I have too much become part of the mainstream in my insatiable craving to acquire, possess, consume and, in the process, to make waste, often mistaking wants for needs. The values fostered by the affluent society have nearly removed from me the memory of John the Baptist’s lifestyle, content with the bare essentials, evoking simplicity, proclaiming the preeminence of the kingdom over possessions, comfort or status, and suggesting that the needs of others must come before my wants and luxuries.

I have too much become part of the mainstream and have learned conveniently to look the other way when confronted with injustice and error. On the one hand, I have gone along with those who think the kingdom of God has nothing to do with the world in which we human beings live. Instead of repudiating it as did Dietrich Bonhoeffer, I have subscribed rather to the doctrine of the Two Kingdoms, described in the following terms by James Woelfel (as cited in an October 2006 essay, “Faith in Politics,” by the new Australian prime minister, Kevin Rudd [2]:

According to this doctrine, the proper concern of the gospel is the inner person, the sphere where
the Kingdom of God reigns; the Kingdom of the State, on the other hand, lies in the outer sphere,
the realm of law, and is not subject to the gospel’s message. German Christians used this argument
to justify devotion to race and fatherland as ‘orders of creation’ to be obeyed until the final consummation.

On the other hand, I have also joined those who compromise the transcendent character of the kingdom of God by facilely turning God into a partisan, when as pointed out in God’s Politics by Reverend Jim Wallis (as cited in the aforementioned essay):

God is not partisan: God is not a Republican or a Democrat. When either party tries to politicize God,
or co-opt religious communities for their political agendas, they make a terrible mistake. The best
contribution of religion is precisely not to be ideologically predictable nor loyally partisan.
Both parties, and the nation, must let the prophetic voice of religion be heard. Faith must be free
to challenge both right and left from a consistent moral ground.
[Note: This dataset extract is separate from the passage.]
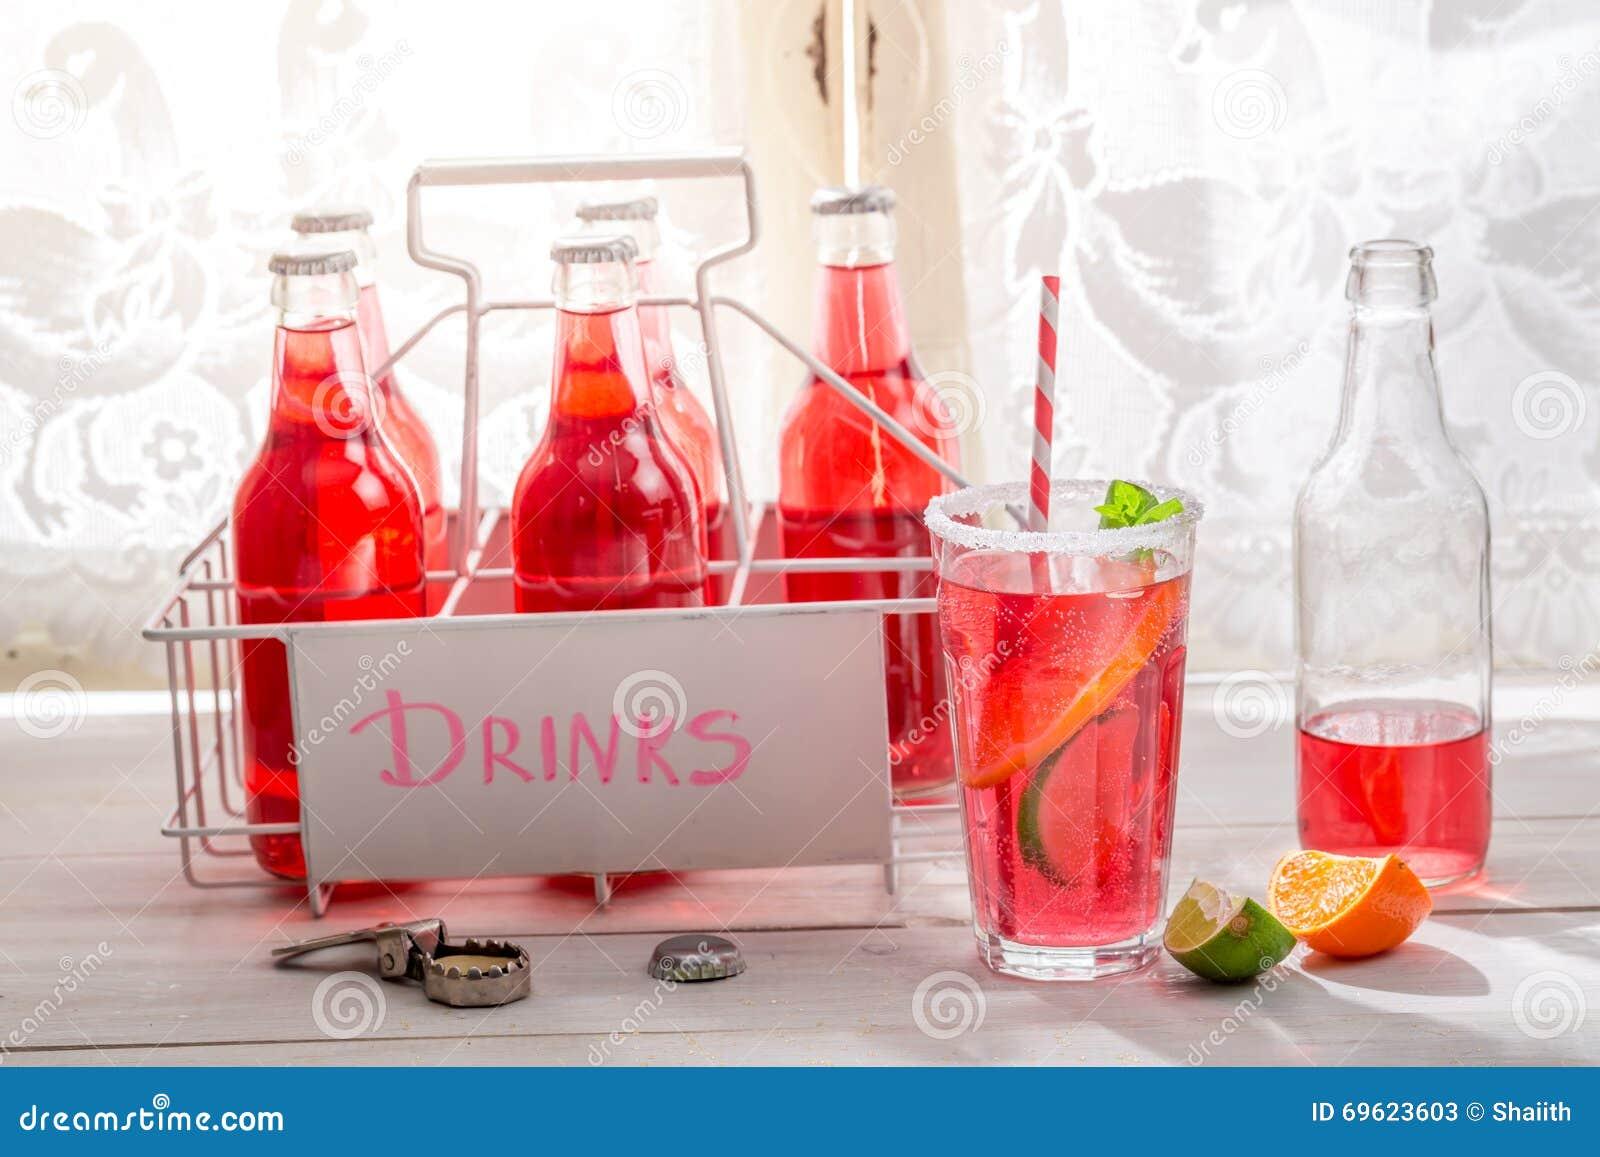 Smakelijke rode orangeade in fles met citrusvruchten
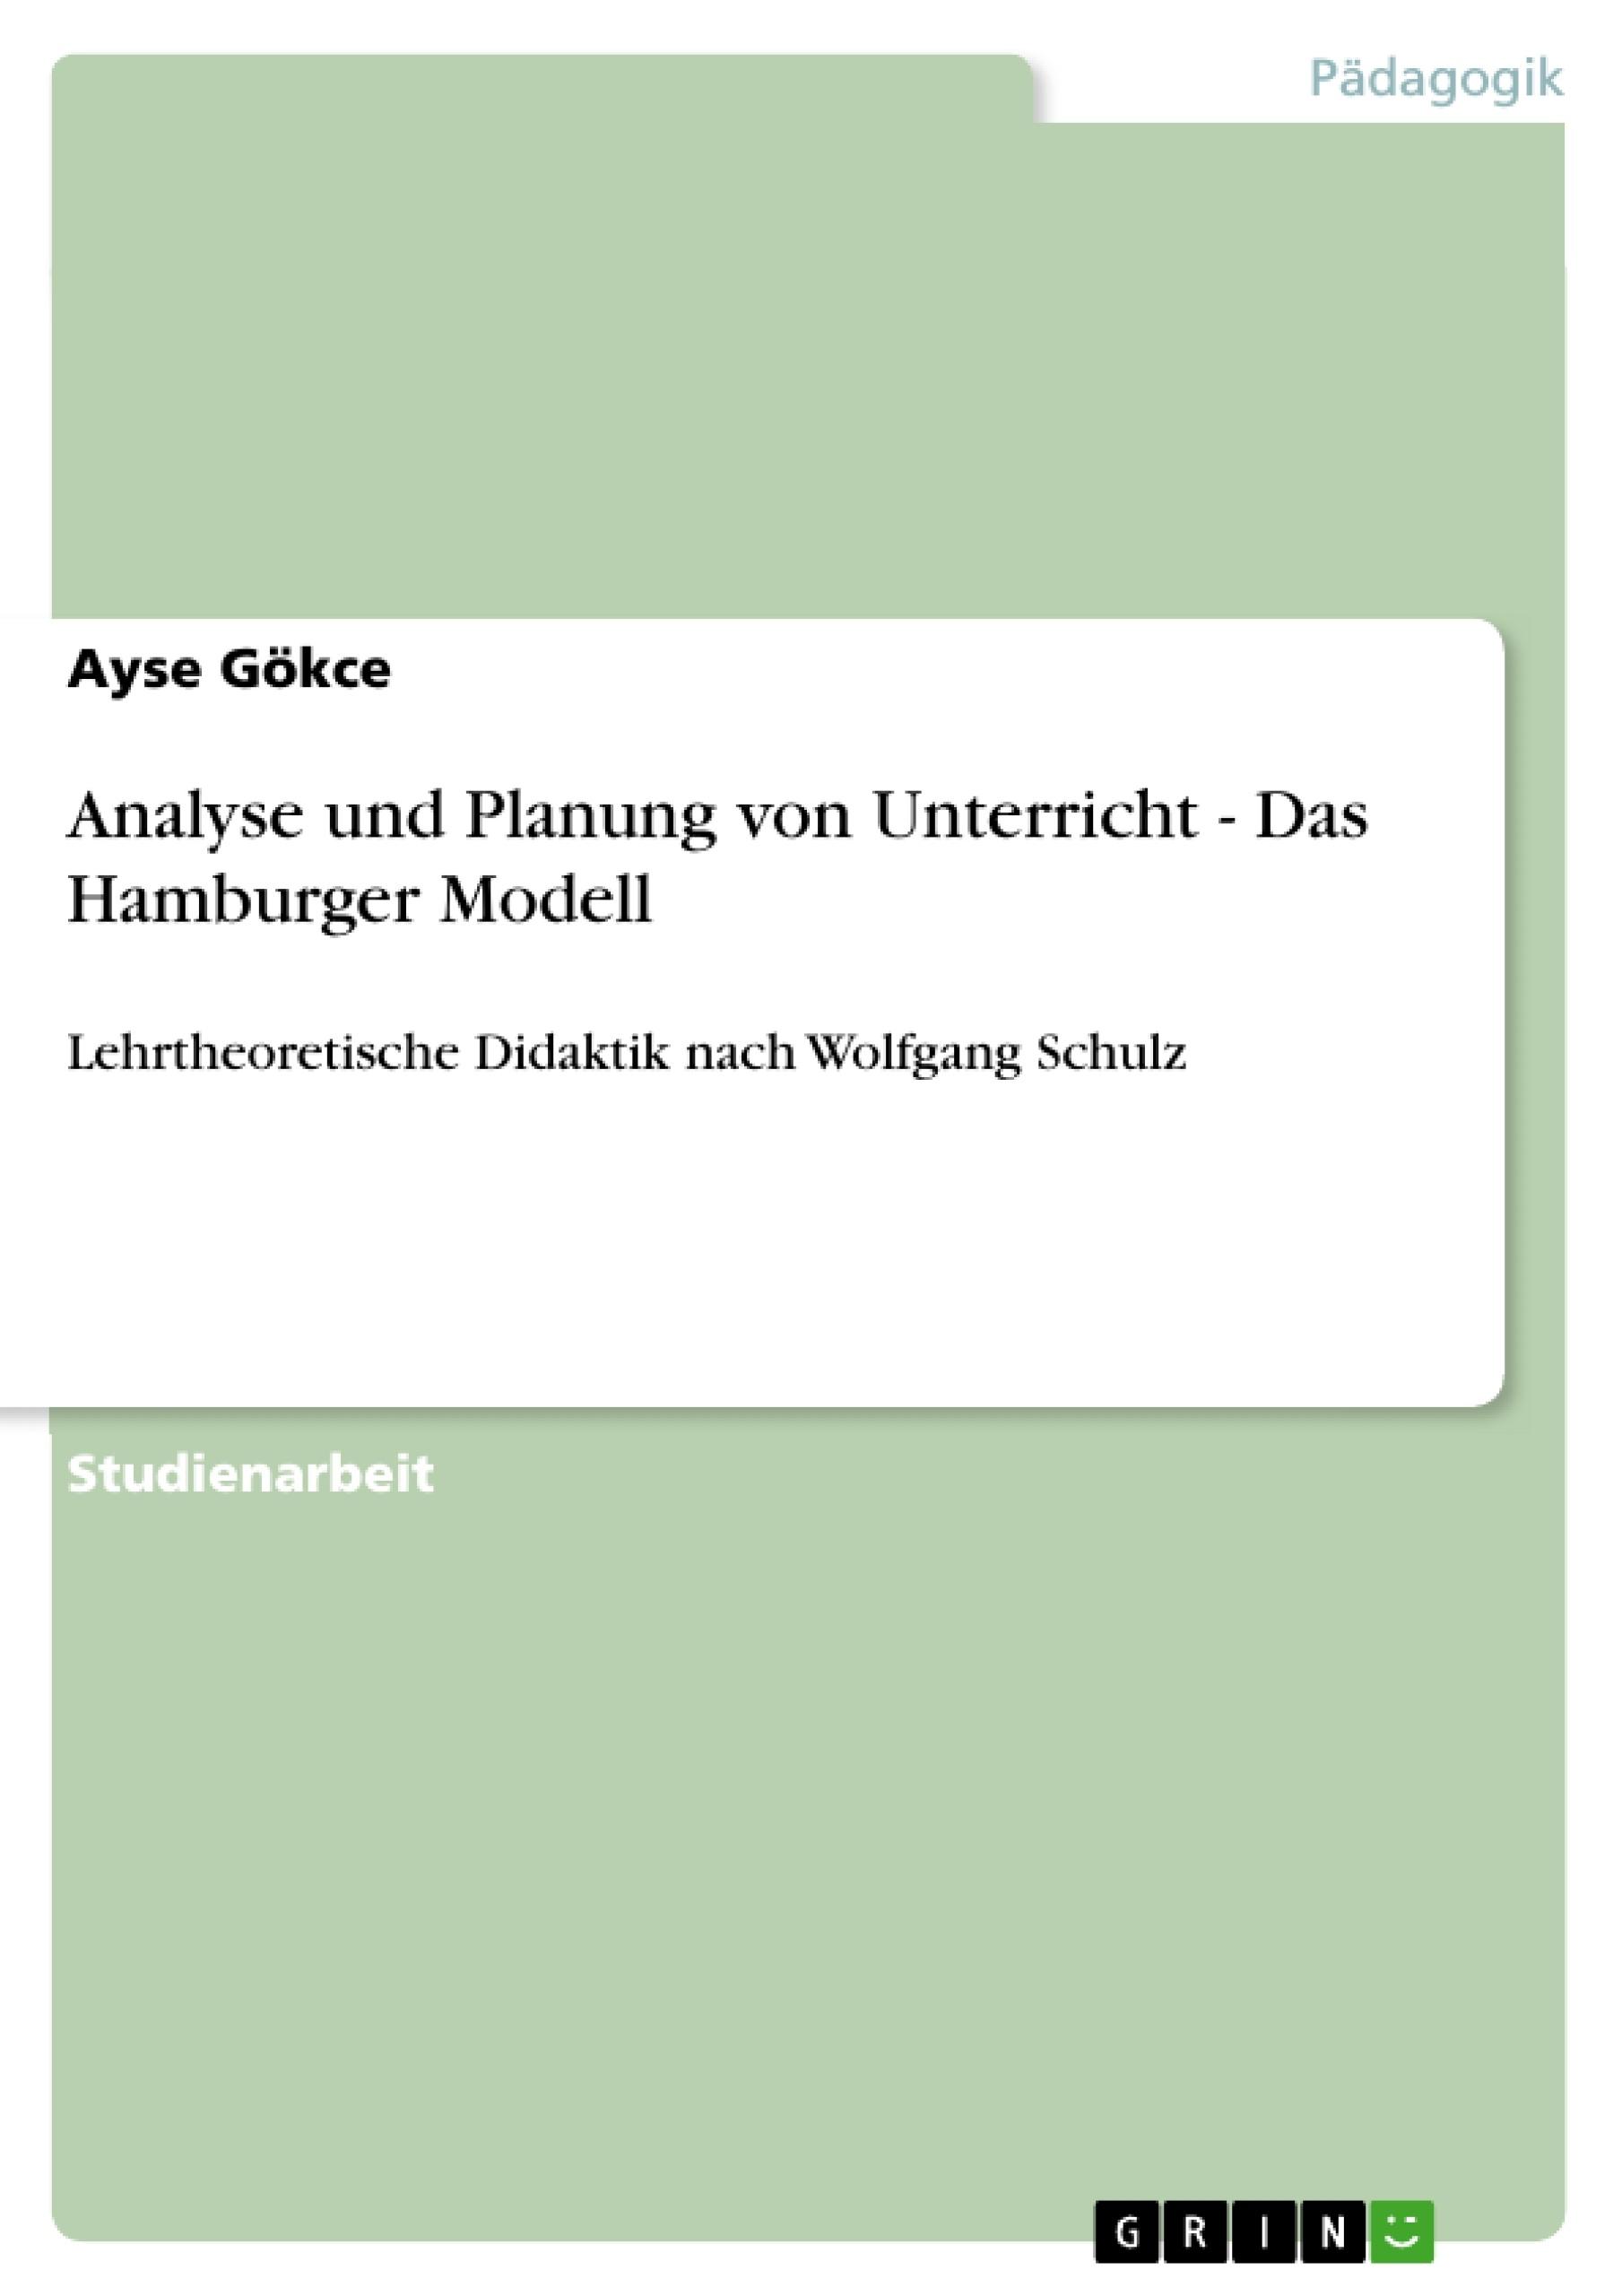 Titel: Analyse und Planung von Unterricht - Das Hamburger Modell

Given that it is the uncomfortable message that I need to hear, it goes without saying that I must repent. For one thing, I must be sufficiently converted to be able to see in the poor the Poor who suffered outside the city gate (Heb. 13:12). I must repent and cannot presume and say to myself that I have Abraham as my father because of my faith in Christ. God, after all, can raise up children to Abraham from mere stones. Unless it comes with righteousness, my being chosen—my being part of “a chosen race, a royal nation” (1 Pt. 2:9; cf. Rev. 5:10)—is of no value and will only bring me severe judgment that will make me “answer for the body and blood of the Lord” (1 Cor. 11:27).

St. Paul says in the second reading, “Whatever was written previously was written for our instruction, that by endurance and by the encouragement of the Scriptures we might have hope.” I must be duly instructed by the warning contained in the account of St. John the Baptist calling for repentance because of nearness of the kingdom of God.